= Anton Maria Vannucchi =

Italian Italian jurist and writer (1724–1792)

Anton Maria Vannucchi (2 February 1724 – 12 February 1792) was an Italian professor of law and erudite writer, including poetry.

== Early life and education ==
He was born in Castelfiorentino to an old Florentine family. He was related to the painter Andrea del Sarto.

He studied literature in the Collegio delle Scuole Pie in Florence, learning Greek under the erudite Giovanni Lami. He studied law under Anton Bernardo Ceccarelli. He ultimately obtained his doctorate from the University of Pisa.

==Career==
He taught initially in San Miniato, then moved to Florence. He was a member of the Accademia degli Apatisti and published in Lami's Novelle Litterarie. He was inducted in the Accademia della Crusca.
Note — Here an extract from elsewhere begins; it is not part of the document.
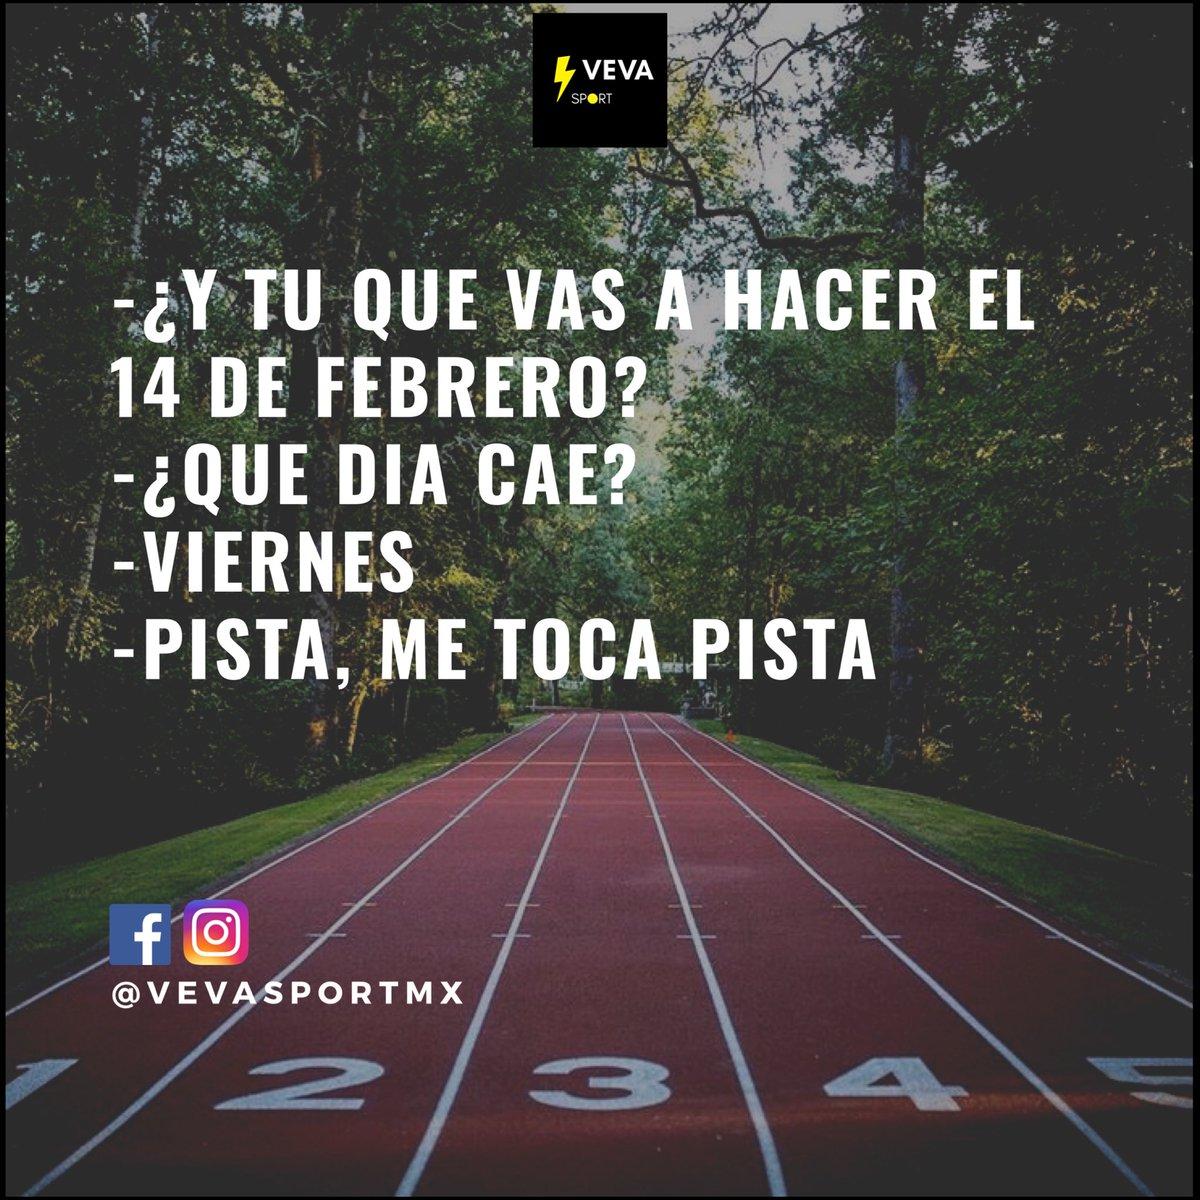 Y si... toca pista #soycorredora @LoveRunSmile @EntreRunners #CorrerEsMiPasion #corrermehaensenado #YoElegiCorrer #SanValentin2020 #SanValentin #VevaSport pic.twitter.com/j9RtmFUbyY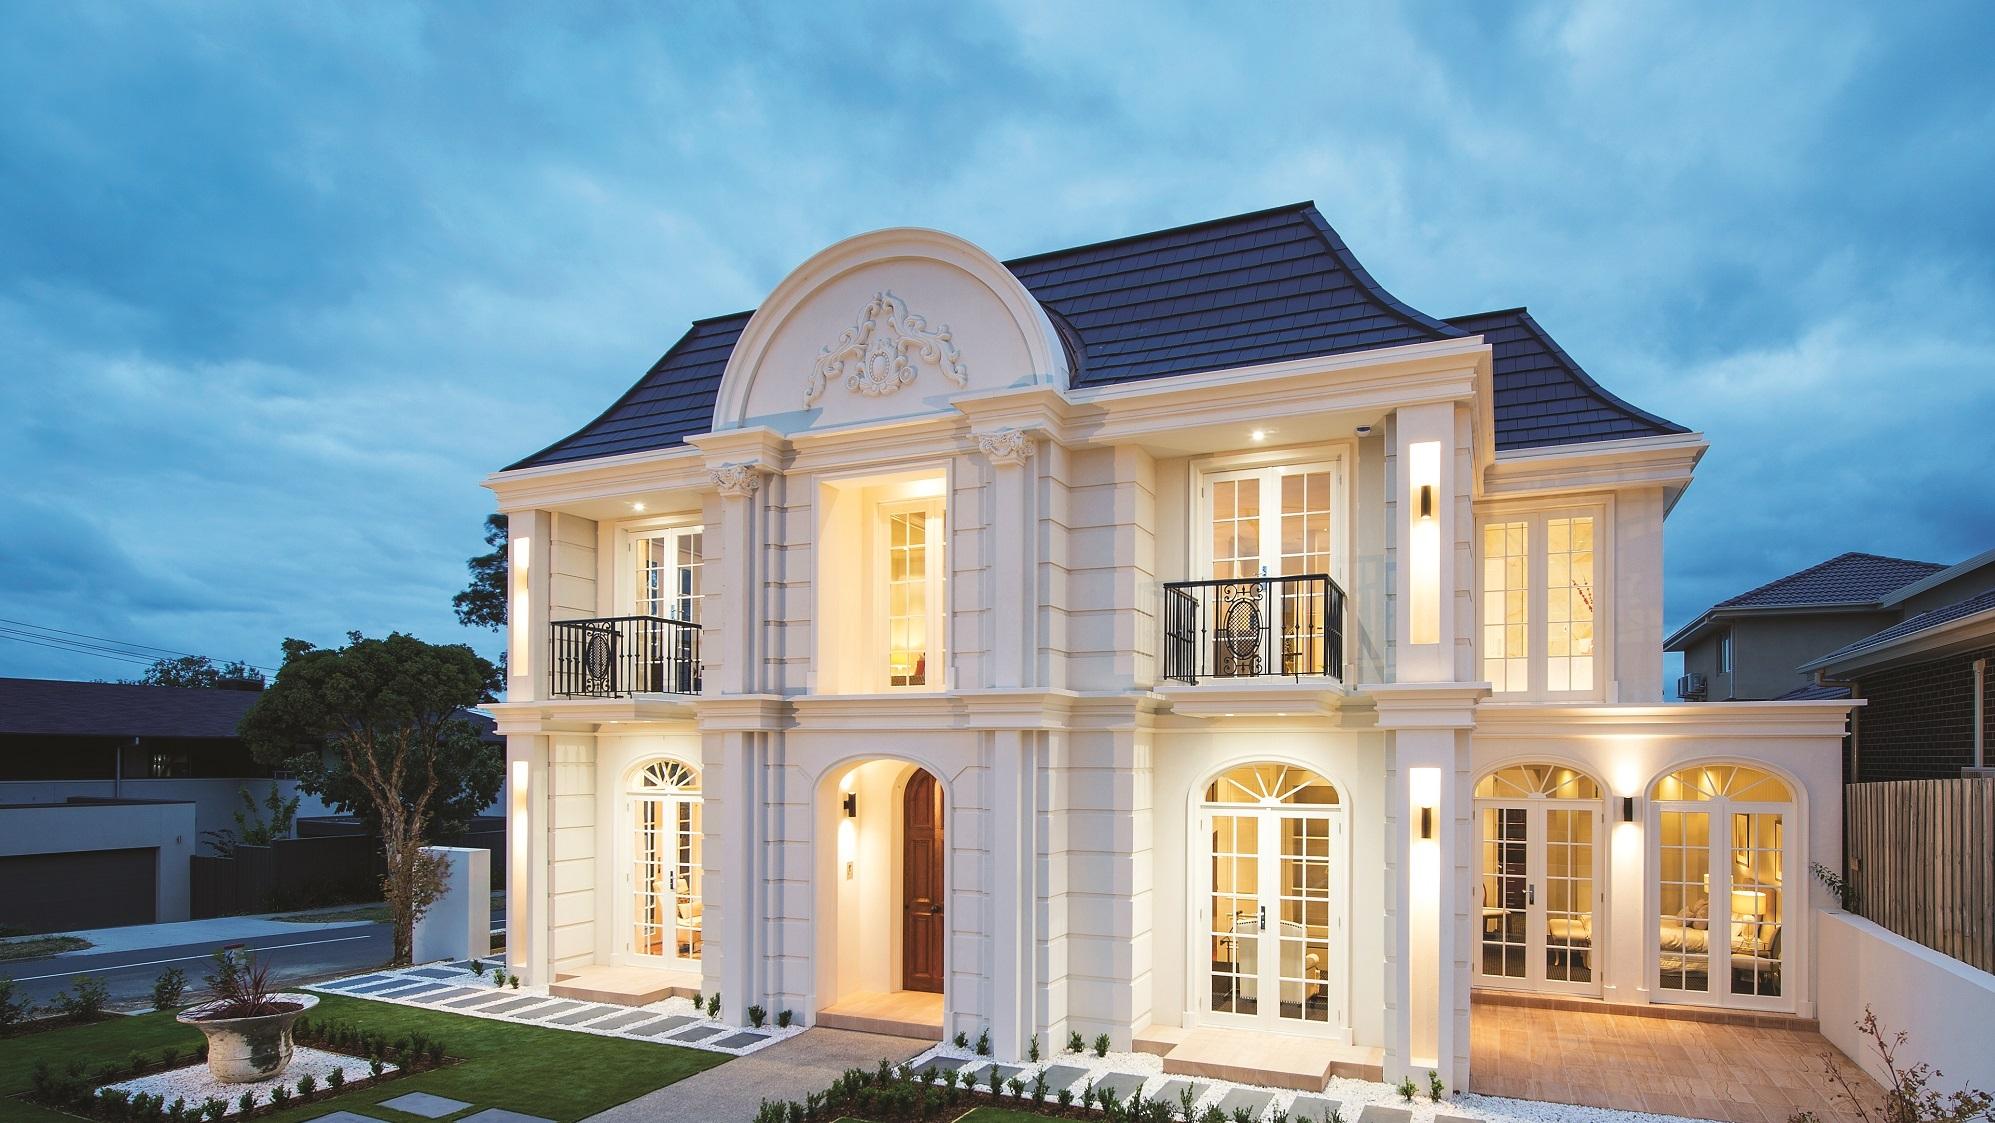 European style custom homes melbourne melbourne custom homes for European style home builders

In 1750, he was appointed professor of medieval law at the University of Pisa, and continued to teach there, with many pauses until 1792. He exchanged correspondence with many of the European intelligentsia of the Italian Enlightenment, including Voltaire, Ludovico Antonio Muratori, Metastasio, and Vittorio Alfieri.

== Works ==
Among his writings are:
- Raccolta d'opuscoli sopra l'opinioni filosofiche di Newton edited by Lorenzo Tosi and Vannucchi, Florence, 1744.
- Dissertazione del metodo di acquistare la Giurisprudenza critica, Florence 1750.
- Dissertazioni filosofiche ad uso degli studiosi del Gius pubblico, Pisa 1760.
- Posie intitolate il Trionfo di Minerva, libri tre Livorno 1768.
- Poesie, Livorno 1756 in two volumes.
- Osservazioni sopra gli Arimanni dei bassi secoli (see Arimannus).